__EXERCISE DESCRIPTION__
The exercise calls for the lines from the one containing "Bird length 2.5" to the end of the data below to be output exactly, pictures excluded.

__SOURCE MATERIAL__
■ ■ ■ ■
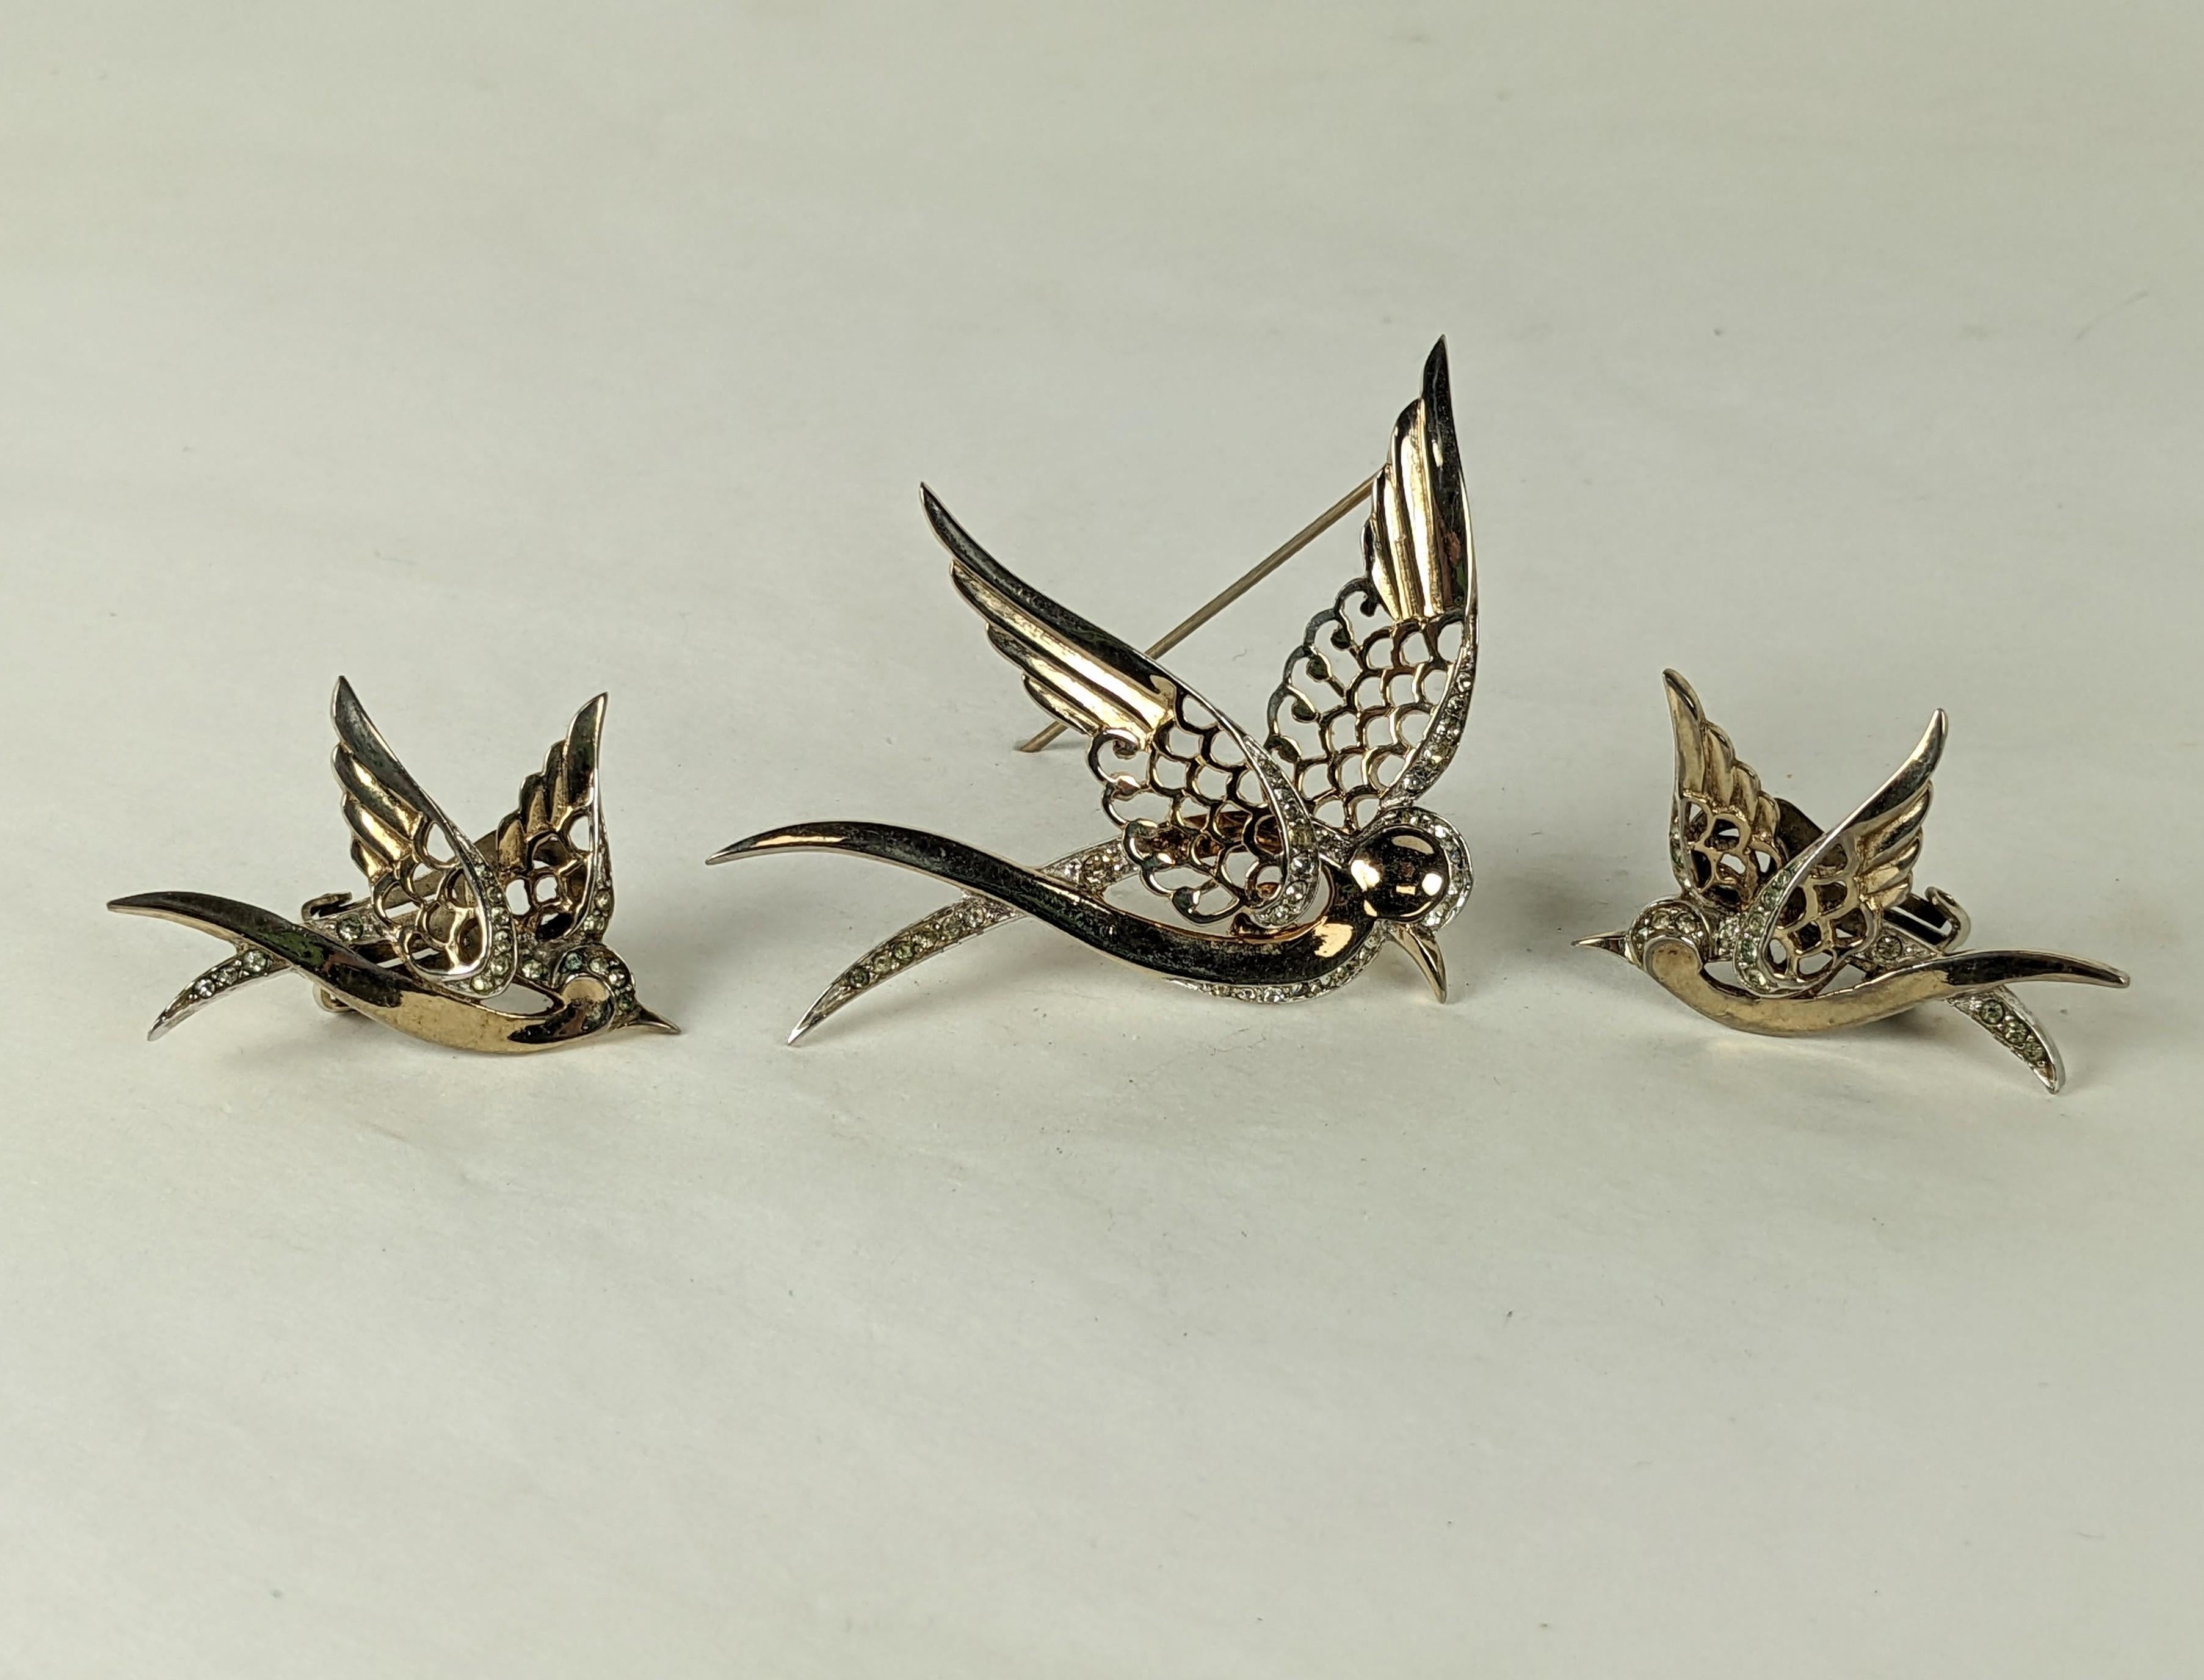 Lovely Marcel Boucher Art Deco Doves Suite from the 1930's. Early MB mark on pierced gold plated dove with pave accents and matching clip bird earrings in flight. 1930's USA. 
Bird length 2.5
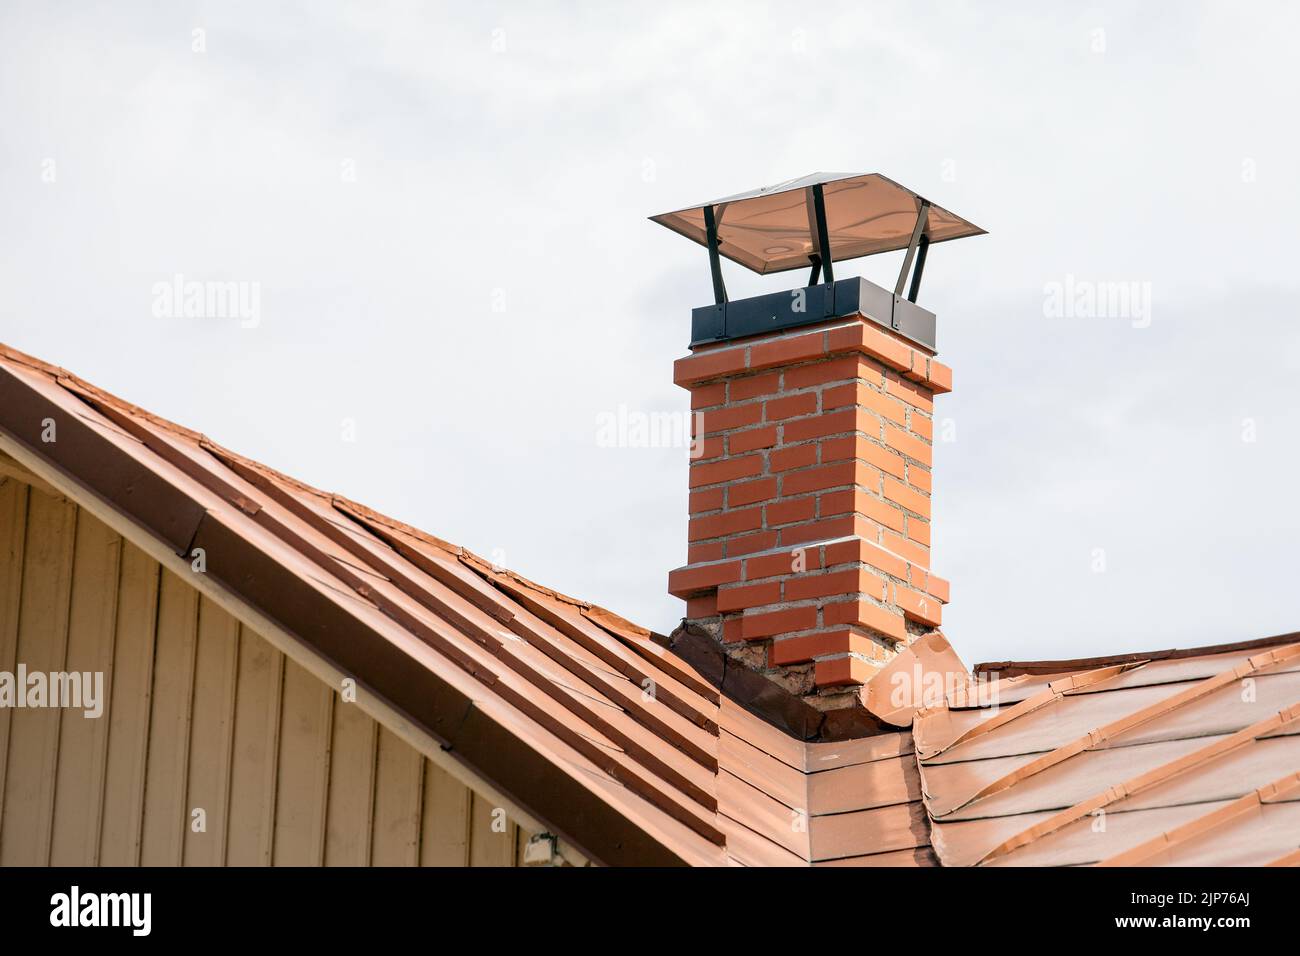 Red brick chimney with a metal roof. Stock Photo
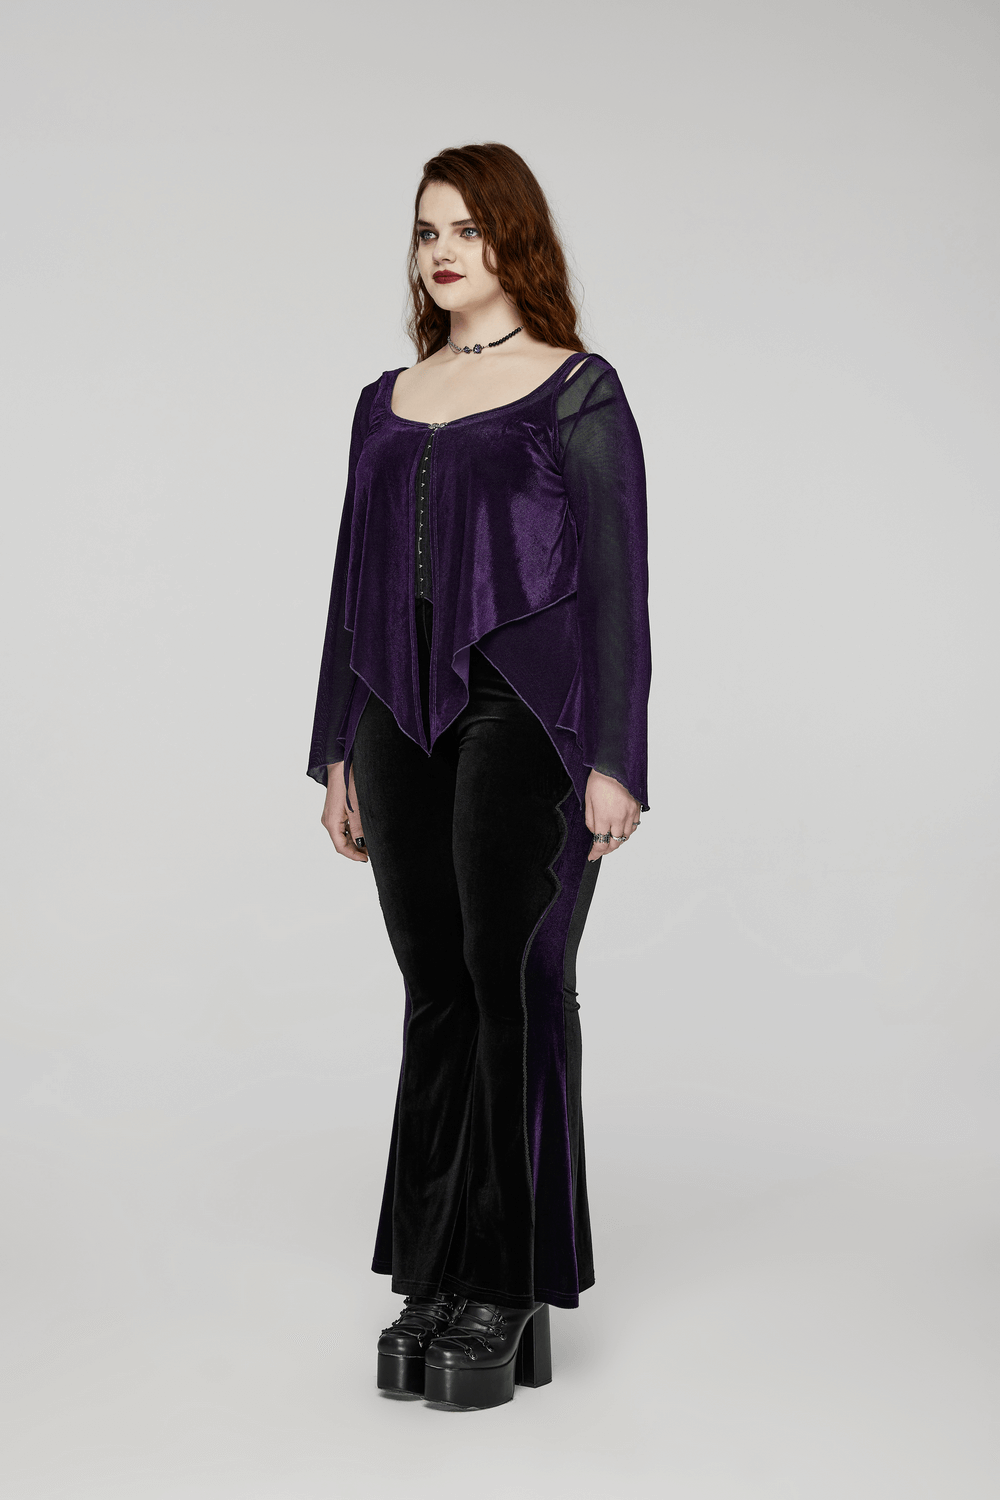 Gothic Women's Layered Mesh Top with Gorgeous Lace Hooks
■ ■ ■ ■
__REPLY TO THE EXERCISE__
Bird length 2.5
 Red brick chimney with a metal roof. Stock Photo
 Gothic Women's Layered Mesh Top with Gorgeous Lace Hooks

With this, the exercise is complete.